The final half-promenade and half right and left to places are as previously described.
Steps
One could make a reasonable case for using polka steps, especially in a casual "hop-slide-close-slide" style, for the entire dance. I would certainly use them for the coming up the outsides after the polka down, to help the dancers cover territory quickly. But for the rest of the dance, they are not really necessary and may provide more travel than there is really room for unless the set is very widely-spaced. So I would keep the initial balance in the Jenny Lind as a three-steps-and-close forward and back and use walking steps for all other figures. I fully expect that dancers feeling particularly enthusiastic and energetic will ignore this and polka throughout.
Other Notes
1. In Gems of the Ball Room, the Jenny Lind Polka is given as a dance to be performed six times by a six couple set, which is common in that source but which I don't see as a particularly necessary restriction. It also has an extra eight bars of figures: a ladies' chain has been inserted before the half-promenade. Since no other source shows this and since it would make the dance a non-standard forty-bar length, I regard it as an error.

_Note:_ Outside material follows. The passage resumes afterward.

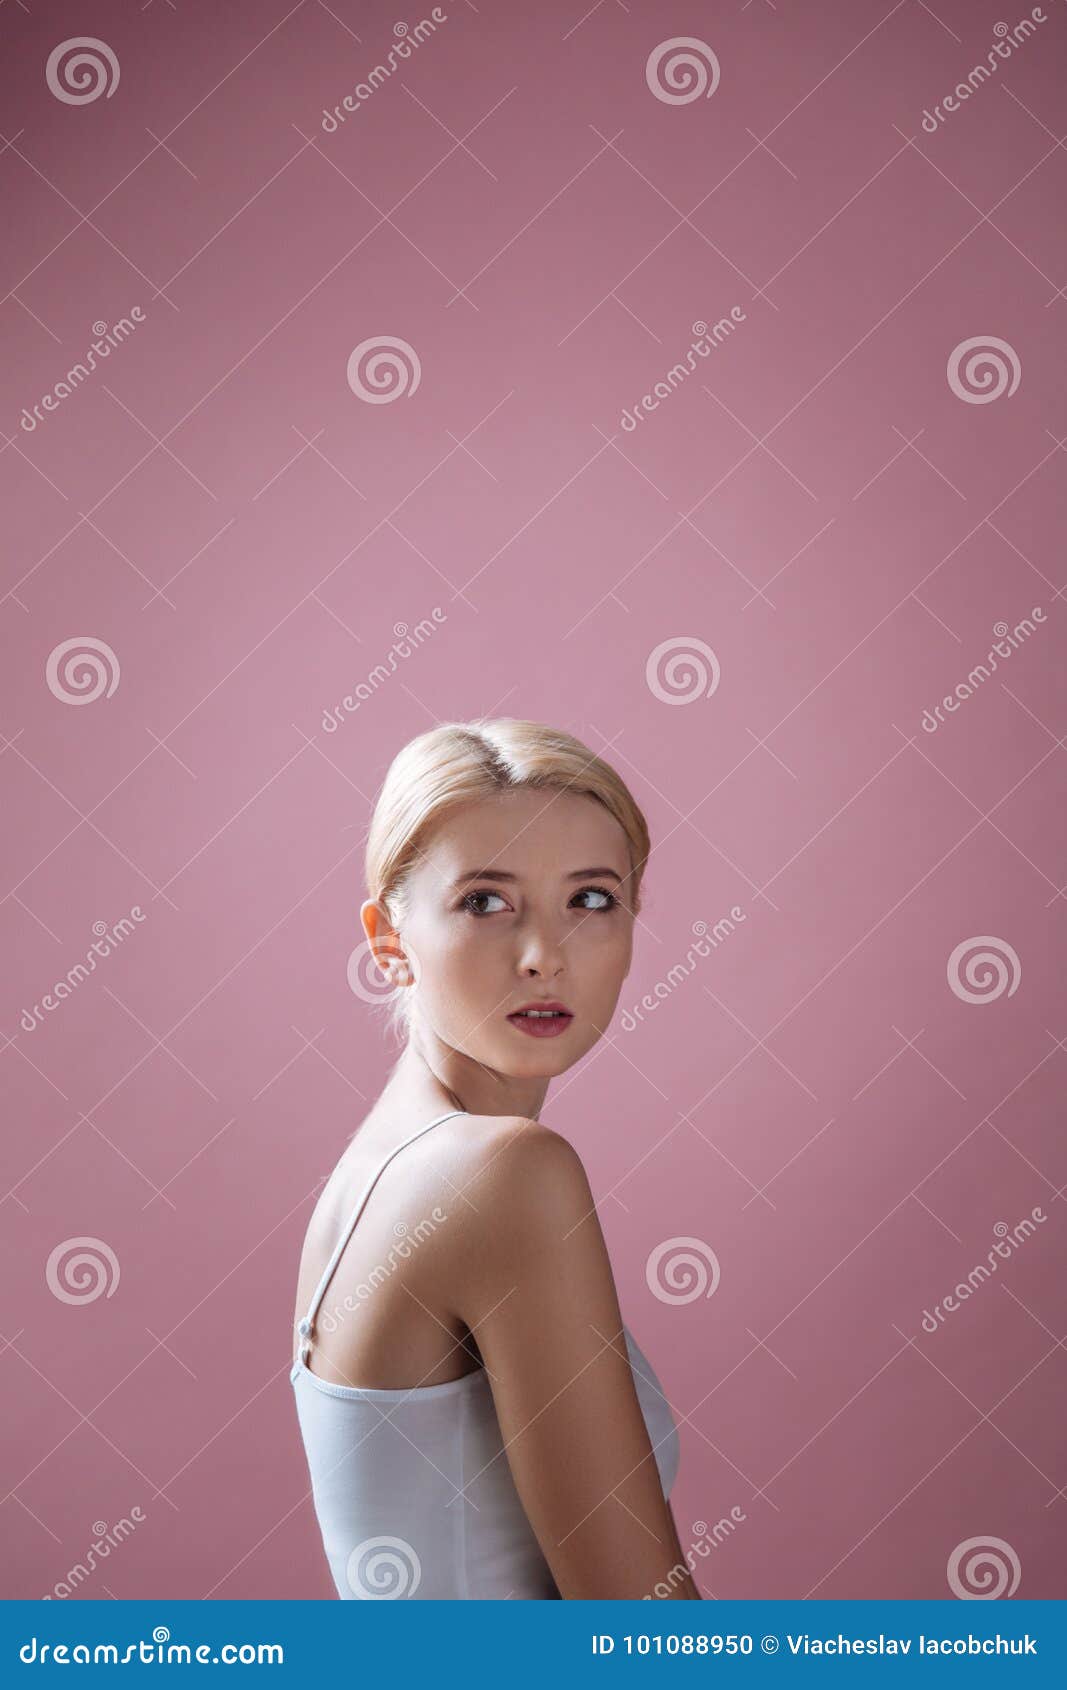 Shy Blonde Female Looking Upwards Stock Photo

2. In Howe's Complete ball-room handbook (1858) there is no asterisk or note about formation; perhaps in later books Howe realized there might be confusion and added the extra guidance. But there is a note that does not appear in any other work that the dance can end with all couples polking round the hall. If the dancers are accomplished at polka, I think that's a great way to end either dance.
3. If the dancers are not accomplished at polka, it's a reasonable adaptation to change the turning polkas into promenades using polka steps.
Music
"Jenny Lind Polka" seems to have been popular and remains known among traditional musicians today. Here's award-winning fiddler Vivian Williams and her husband Phil (both accomplished music and dance historians as well!) performing it:
Sheet music for it is easy to find. Here's an arrangement published by Howe in his 1859 Drawing Room Dances. It was included there as music for a polka quadrille figure; ignore the figures printed with it.
An 1846 arrangement in a different key by Allen Dodworth which neatly fits a thirty-two-bar dance may be found at the Library of Congress website. A modern arrangement appears in The Civil War Ballroom Band Book by the dance band Spare Parts, which also has a recording of it on the album The Civil War Ballroom. A web search will easily turn up more arrangements. There is another recording on the Grandview Victorian Orchestra's album Elegant Music from Times Gone By. Both recordings are meant for dancing a polka, not a contra dance, and would need to be looped to be long enough.
"German Polka" is a bit more of a mystery. Here's the tune Howe published by that name in his Musicians Omnibus, No. 2 (1863); click each image to enlarge:
Presumably that was the tune he had in mind for the dance. But I haven't been able to find a period arrangement or recording of it, so those wishing to use that tune will have to work from this single staff. Given how similar the two sets of dance figures are, I wouldn't have a problem just using "Jenny Lind Polka", or any other polka with a workable repeat structure.